Towa asked, “What did you do, Gonda?”
He lifted his head, and guilt lined his round face. “What do you mean?”
“Koracoo doesn’t trust you. Why?”
Anger hardened Gonda’s mouth. “That’s none of your concern. I—”
“If she does not trust you, how can we? Do you have a weakness we should know about? Forgive me for asking, but in the heat of battle, such knowledge may save my life.”
Gonda seemed to be weighing what he should and should not say, and Sindak found that curious. Any other man accused of being weak would have reached for his war club and started swinging. Last night, Gonda would have. But not tonight. He turned away, dug his buffalo horn spoon from his pack, and used it to shovel meat into his mouth. After he’d chewed and swallowed three heaping spoonfuls, he quietly responded, “I made a mistake.”
“A mistake?”
“Yes.”
“A mistake that led to the destruction of Yellowtail Village and the loss of your children?”
Gonda looked like he wanted to talk about it but didn’t have the strength, or perhaps he couldn’t figure out how.
Towa said, “I had children once, Gonda. A brave little boy and a sweet, beautiful girl. I lost them both, along with my wife, to a fever two summers ago. I have some idea what you must be feeling.”
Gonda’s expression softened, but he just continued eating his soup.
Sindak frowned at Towa. He never talked about the loss of his family. Ever. It hurt too much. What was he doing? Trying to create some kind of tie with Gonda?
Gonda swallowed a bite of soup and softly said, “Do you still live the nightmare of their deaths, Towa?”
“Every day.”
As Gonda brought up one knee and propped his cup on top of it, he kept his gaze on Towa’s somber face. “Then perhaps you can imagine what it would be like to live the nightmare of your children’s lives as Gannajero’s slaves. Every instant I see my children hurt, or hungry, or being tormented by enemies. Or I fear they are dead and their souls are out wandering alone in the forest, calling out to me, trying to find their way home.”
Towa’s breath misted in the air. “That must be like having a belly full of obsidian flakes.”
The scent of the campfire grew stronger as night deepened and smoke hung in the pine boughs just over their heads.
Sindak said, “They may have just been captured by an ordinary war party, and are being well cared for. No man mistreats a child he plans to adopt into his own family.”
Gonda continued spooning soup into his mouth, chewing, swallowing.
Towa gave him some time before he added, “And even if the children are with Gannajero, they’re alive. They’re too valuable to kill. We will find them and bring them home.”
Gonda’s spoon halted halfway to his mouth. “We may bring them home, Towa, but I’m not sure even our best Healers will be able to cure them.”
Out in the forest, frozen trees cracked and snapped beneath the brunt of the icy wind, but Sindak pinned his attention on Gonda’s agonized face. Brief, hard flurries of sleet had started to whip by just beyond the pine. Gonda seemed to be watching the veils of snow as they careened down the trail.
Sindak asked, “What was the mistake you made?”
Gonda set his cup down and rubbed his hands over his face. In a voice almost too low to hear, he said, “I disobeyed an order.”

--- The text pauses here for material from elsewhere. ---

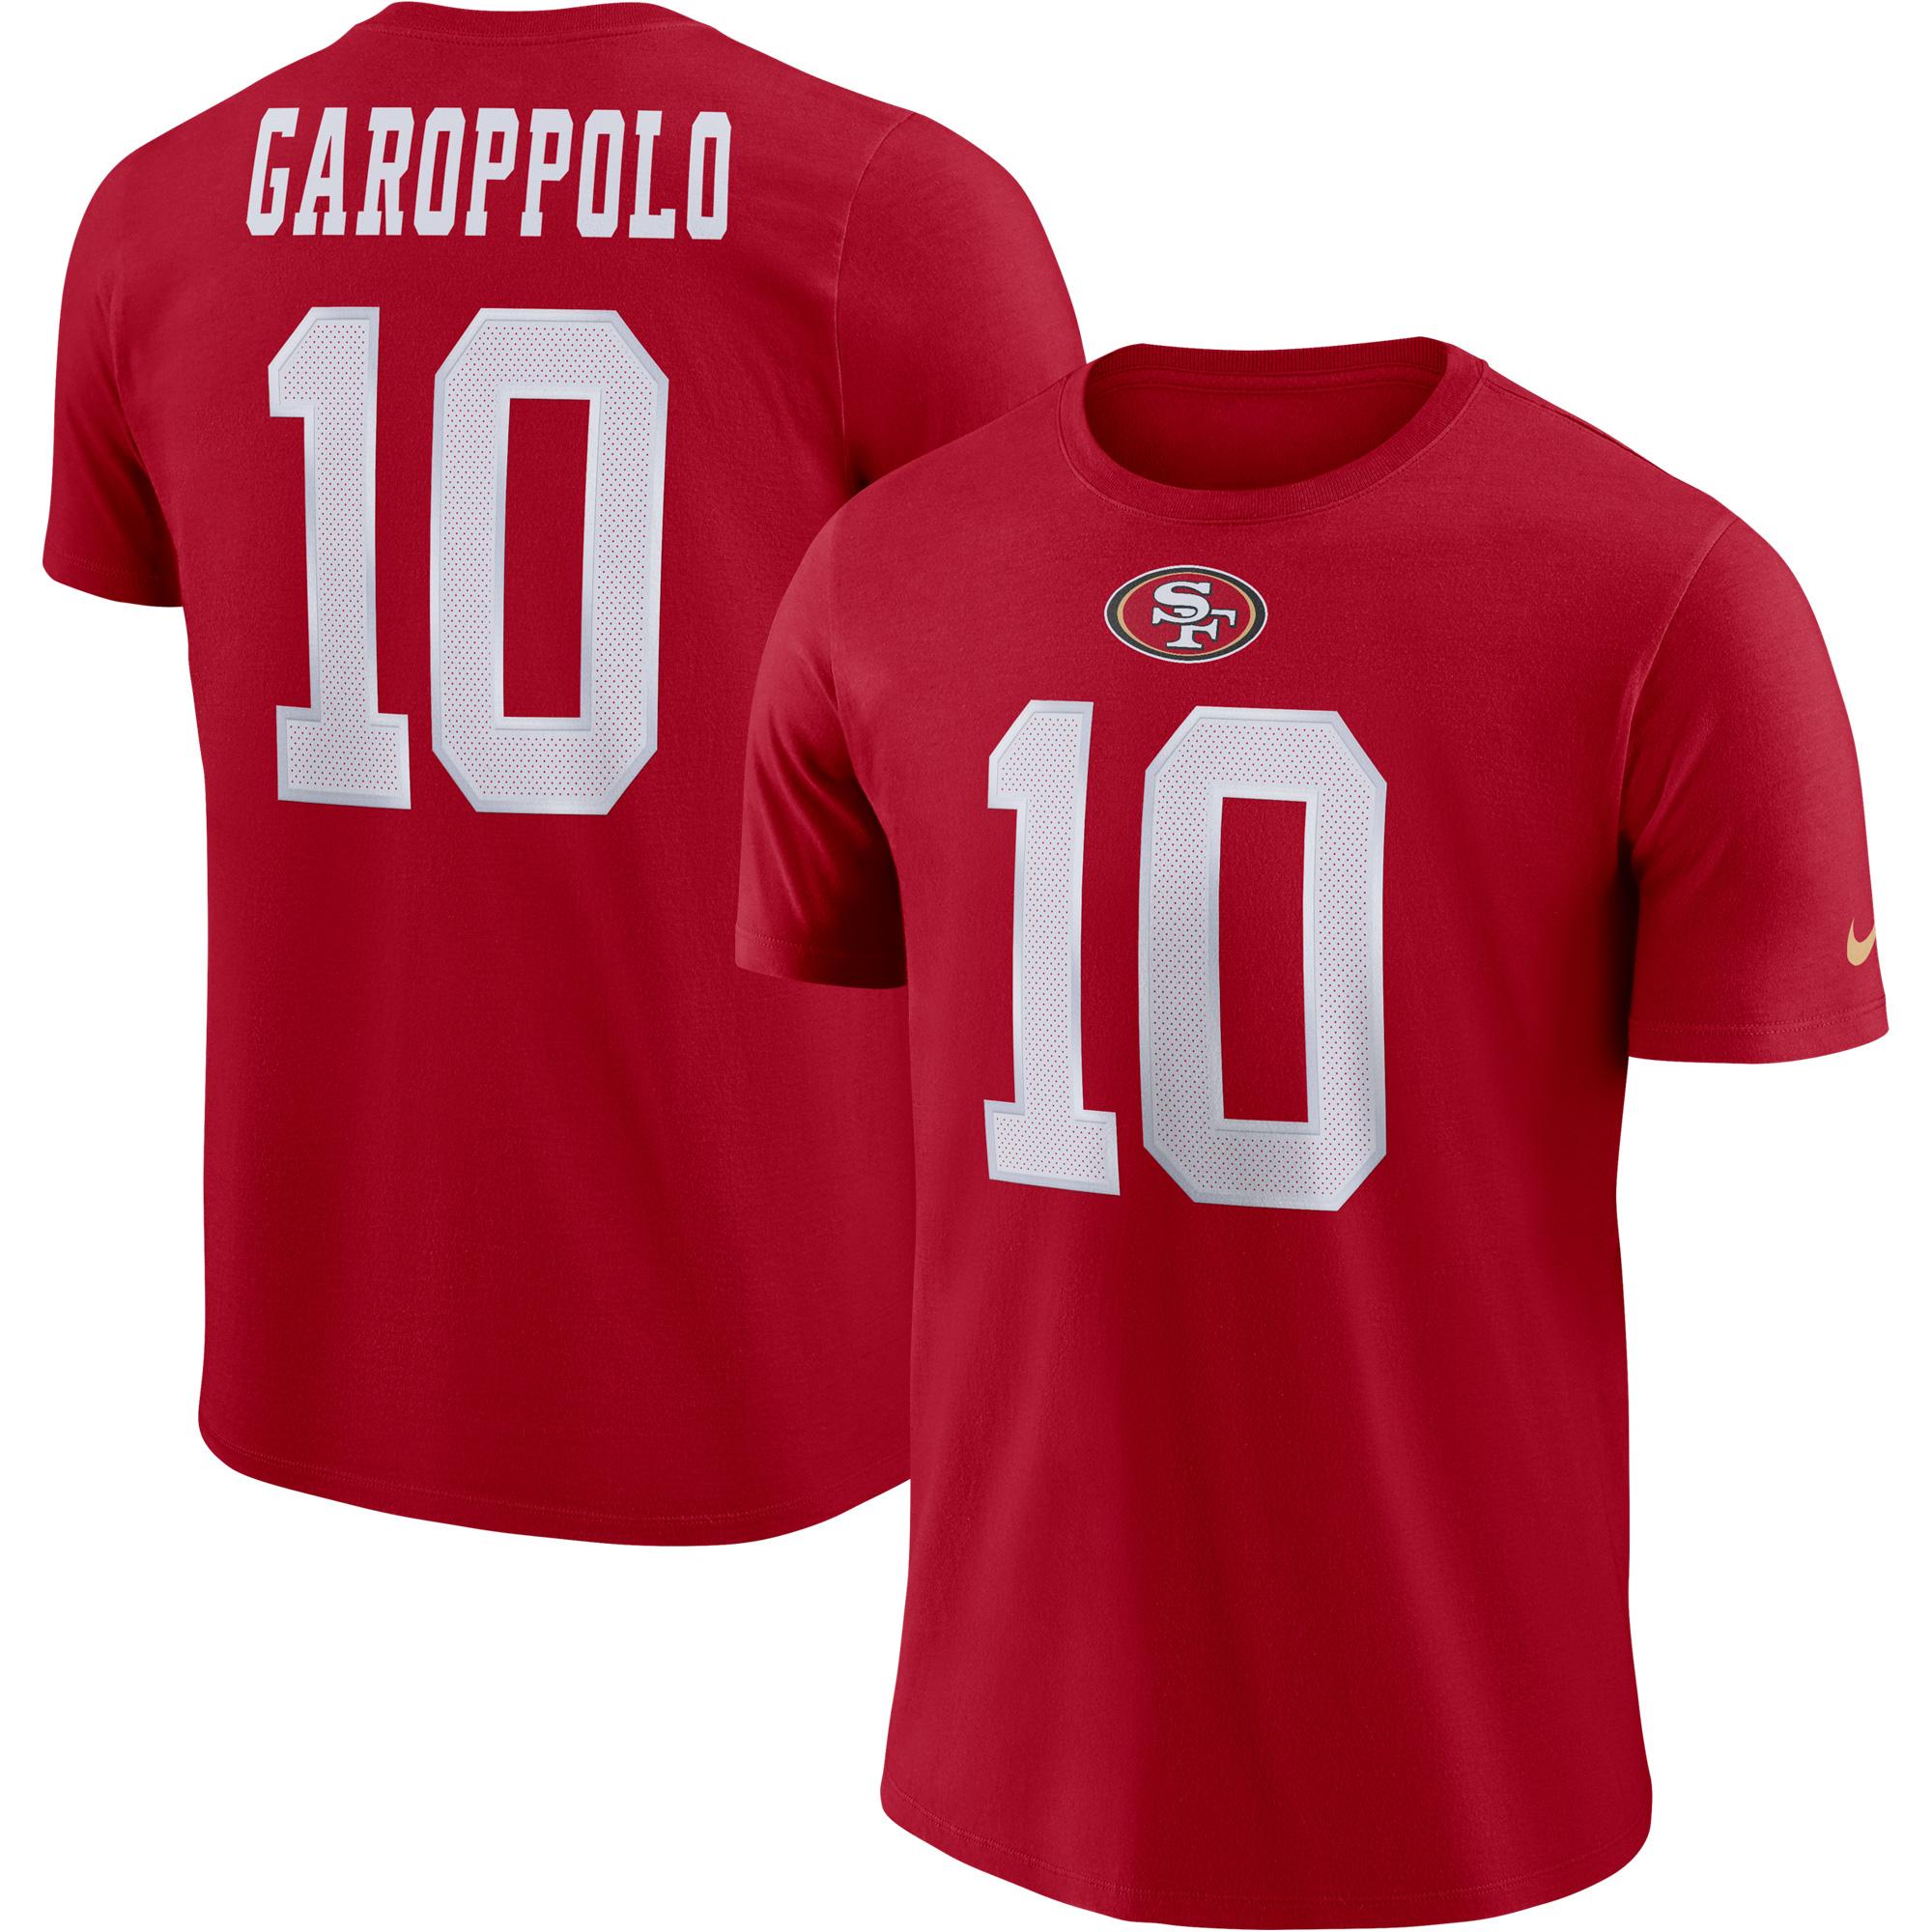 Jimmy Garoppolo San Francisco 49ers Nike Player Pride Name & Number Performance T-Shirt - Scarlet
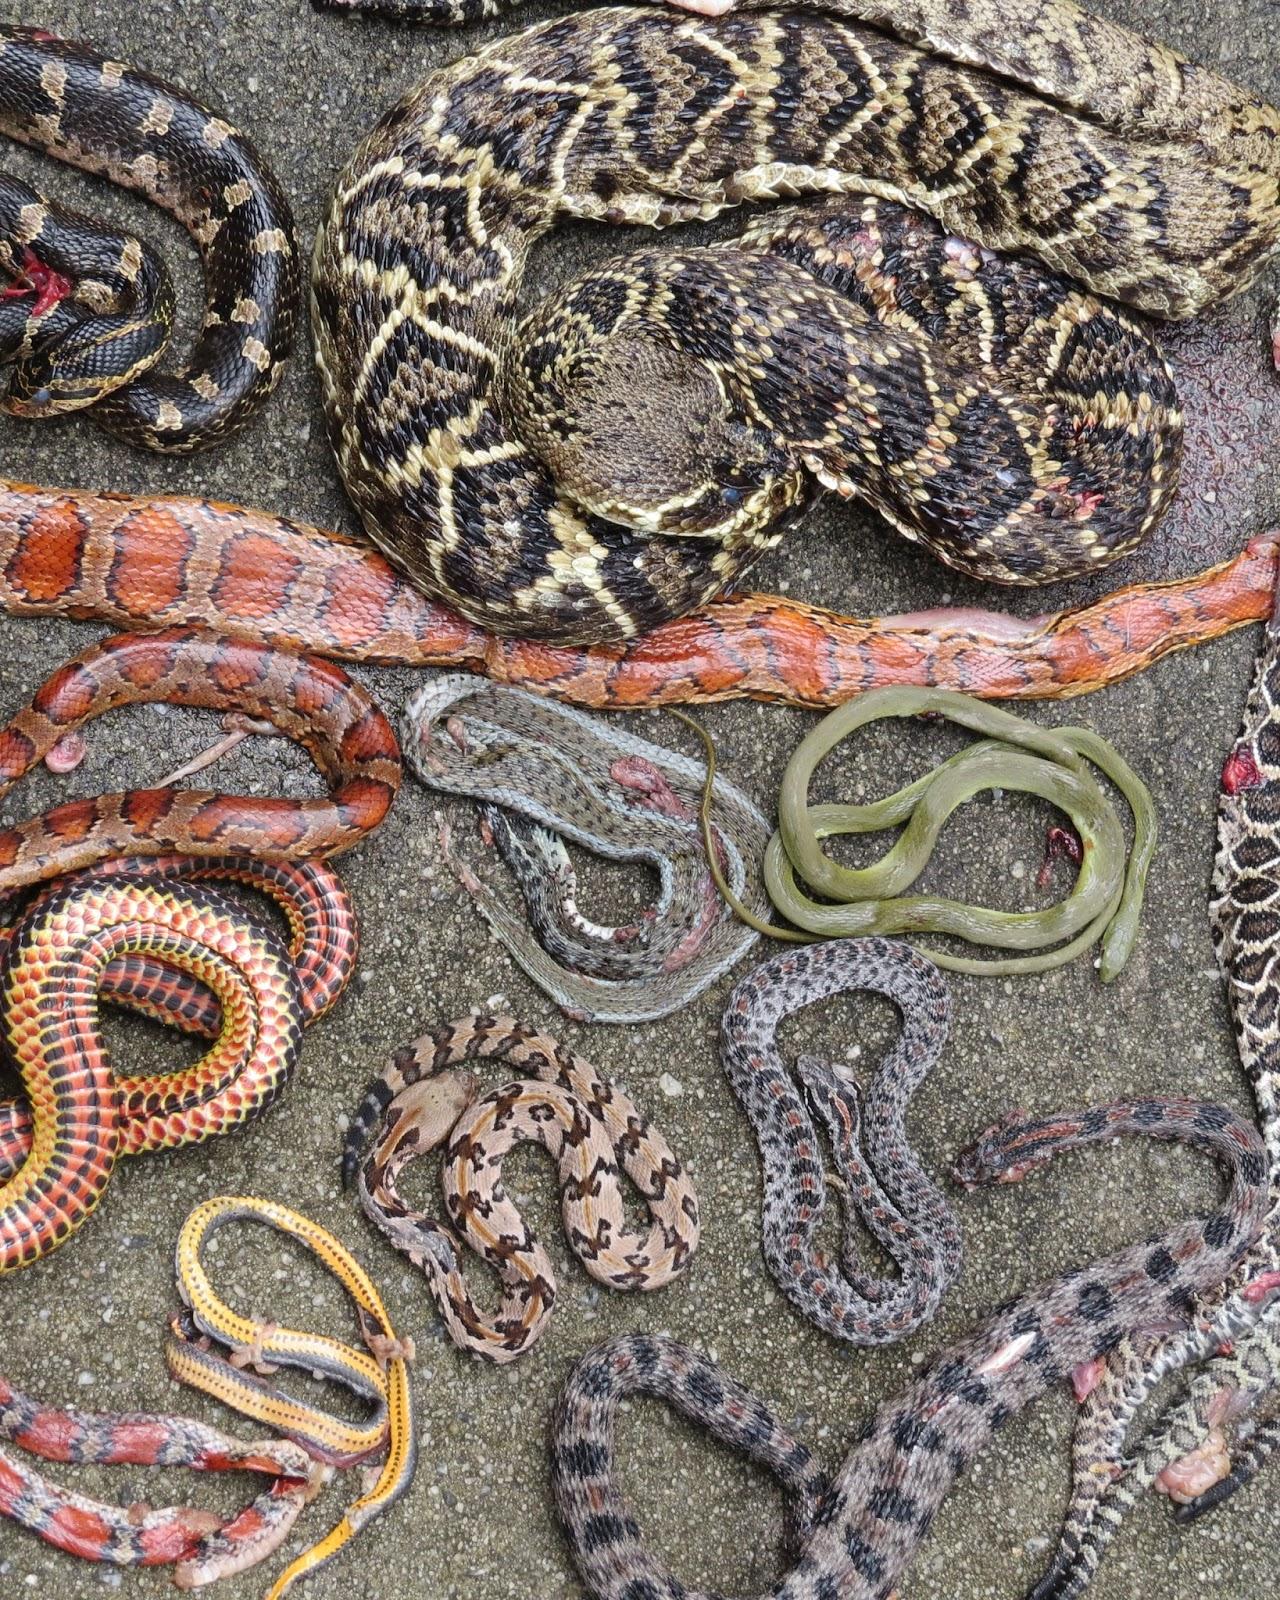 gulf hammock Gulf hammock rat snake elaphe obsoleta williamsi price for cb babies: $35-65 each below: an adult gulf hammock rat snake from our colony displaying the combination of stripes and blotches.

Sindak shifted, and the frosty pine needles at his feet crunched. “What order?”
When Gonda didn’t answer, Towa said, “When we accompanied Atotarho on the trading expedition, we heard rumors that Mountain People war parties were scouting near Yellowtail Village. You must have heard them, too.”
Through a long exhalation Gonda said, “A Trader came through the morning of the attack and told us he’d seen Mountain warriors just a short distance from Yellowtail Village.”
“What did you do?”
“The only thing we could. Koracoo took half our warriors out to verify the rumors. They could have been false. She wanted to make certain.”
“But you did not go with her?”
Gonda stared absently at the ground. “No. I was in charge of defending the village.”
A sleety gust rattled the branches over their heads. Sindak flipped up the hood of his buckskin cape and cradled his warm cup in both hands.
Towa softly asked, “What happened?”
Gonda cast a surreptitious glance at Koracoo, and Sindak had the vague feeling that Gonda hoped she might come to his rescue by answering that question herself. When she did not, he heaved a heavy sigh.
“She ordered me to keep all of my warriors inside the palisade until she returned.”